The police appealed for public help in searching the Surrey Downs, and ‘the Great Sunday Hunt’ took place on 12 December. About two thousand civilians took part, wrapped up warm against the cold. It was like a massive outdoor pre-Christmas party. Ice creams and hot drinks were sold from vans to refresh the spectators. Sayers could not resist joining in the excitement, and persuaded John Gilroy, her artist friend from Benson’s, to drive her to the Silent Pool. The outcome for her was even more of an anticlimax than her foray to France to investigate the Nurse Daniels mystery. During a brief look around, Sayers failed to spot any tell-tale clues that the police had missed, and was left to pronounce, with all the authority she could muster, ‘No, she isn’t here.’ Yet if she failed to contribute to the detective effort, at least her day out amounted to useful research. Aspects of her visit featured in Unnatural Death, in which two women go missing from a car left abandoned on the south coast.
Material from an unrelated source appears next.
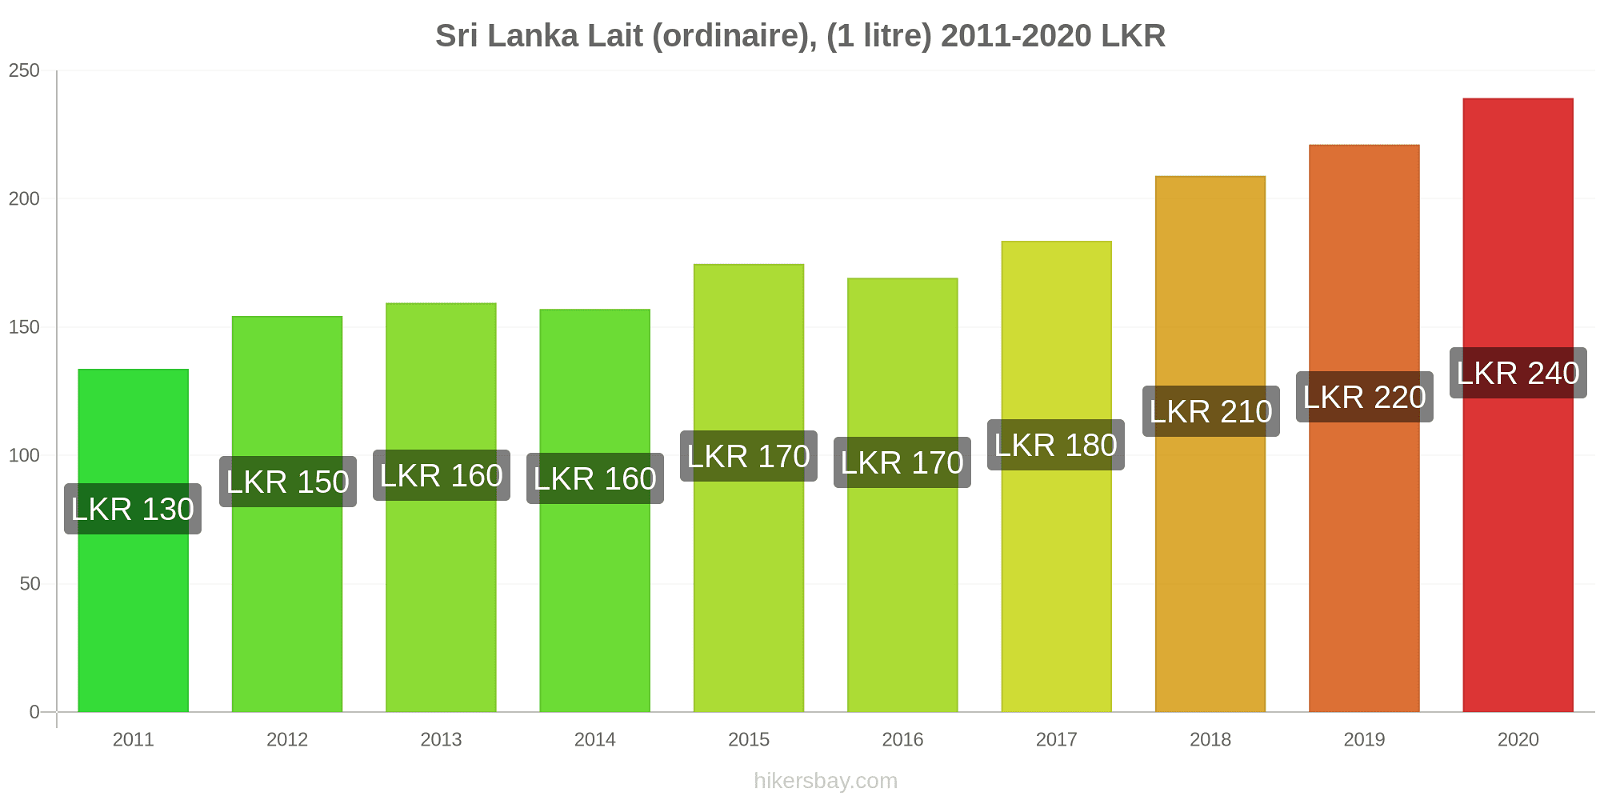 Sri Lanka changements de prix (Régulier), lait (1 litre) hikersbay.com

As darkness fell, the hunt was called off. A flare was lit to help searchers who had lost their bearings find their way home. Weary and deflated, Kenward told journalists that he did not believe Agatha Christie’s disappearance was a gimmick designed to sell her books.
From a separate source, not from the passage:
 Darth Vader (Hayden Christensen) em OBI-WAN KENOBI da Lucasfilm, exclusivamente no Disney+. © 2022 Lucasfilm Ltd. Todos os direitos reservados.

What he did not know was that the answer lay more than two hundred miles north. A banjo player and a fellow bandsman performing at the Hydropathic Hotel in Harrogate, the North Yorkshire spa town, were keeping a close eye on a woman guest. They concluded she was the missing novelist, and their detective work proved superior to anyone else’s. Within forty-eight hours, the whole world learned that Agatha Christie had been discovered, safe and well.

After travelling by train to Harrogate, Christie had taken a first-floor room at five guineas a week and bought herself some new clothes, including a glamorous pink georgette evening dress. She followed the reports about her disappearance in the Press, and played bridge – and billiards – in the public rooms. At night she danced in the Winter Garden Ballroom to the music of the Happy Hydro Boys. Otherwise she relaxed by having massages, solving crossword puzzles and borrowing books from the W.H. Smith’s lending library. Her favourite reading comprised thrillers rejoicing in titles such as The Double Thumb and The Phantom Train. She had assumed the identity of a Mrs Teresa Neele, recently returned to Britain from Cape Town. Her chosen surname was that of her husband’s mistress.
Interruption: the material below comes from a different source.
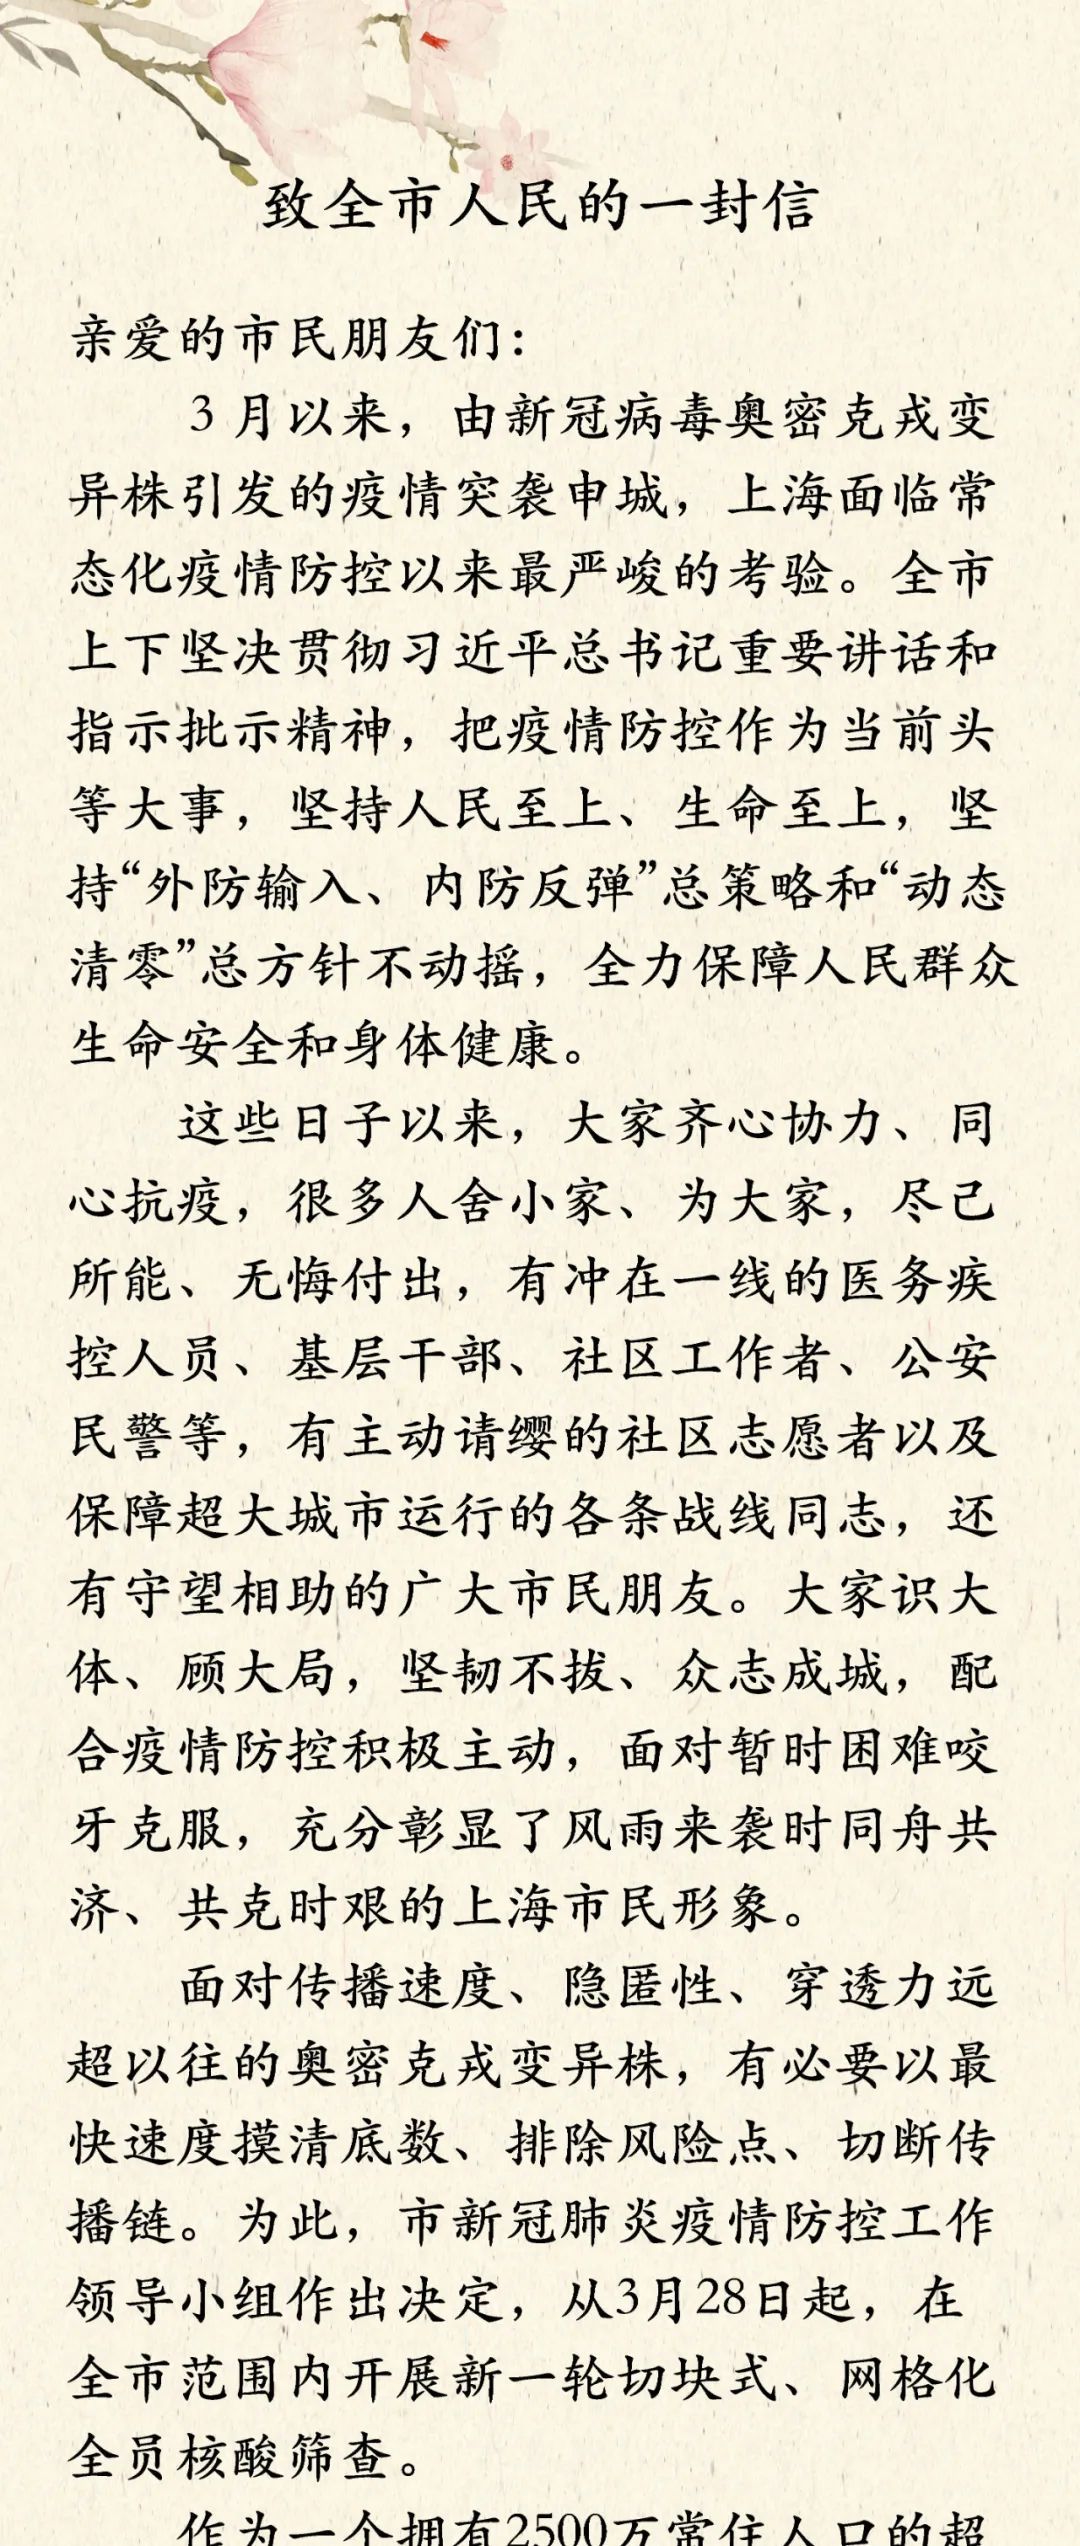 上海市委市政府致信全体市民：感谢理解支持和付出

Today Agatha Christie remains, almost half a century after her death, a household name. More than that, she has become a global brand. Big business. Two billion (or is it four billion? – estimates vary, and at such a stratospheric level, it scarcely seems to matter) copies of her books have been sold, and she has been translated more often than any other author. About two hundred film and television versions of her work have been screened, and the stories have been adapted into video games, graphic novels and Japanese anime. She was the most performed female British playwright of the twentieth century, and The Mousetrap is the longest-running stage play of all time, with more than 25,000 performances in London alone. The sixtieth anniversary of its first performance was celebrated by sixty specially licensed performances worldwide. Her home overlooking the River Dart is in the care of the National Trust and a popular tourist destination, while her native Torquay boasts an Agatha Christie Mile, along which visitors can retrace her steps.

A statue featuring a bust of Christie stands in Covent Garden, the Pera Palace Hotel in Istanbul has an Agatha Christie room, and her face smiles from a billboard welcoming tourists to Gran Canaria. On the 120th anniversary of her birth, cooks around the world baked a Delicious Death cake from a recipe by Jane Asher. The book with the thickest spine in the world has been created from the complete Miss Marple stories. In Harrogate, a plaque in the Old Swan Hotel (formerly the Hydropathic Hydro) commemorates her disappearance, the reason for which continues to provoke debate. Agatha Christie is, in short, an icon whose name is synonymous with detective fiction and mystery.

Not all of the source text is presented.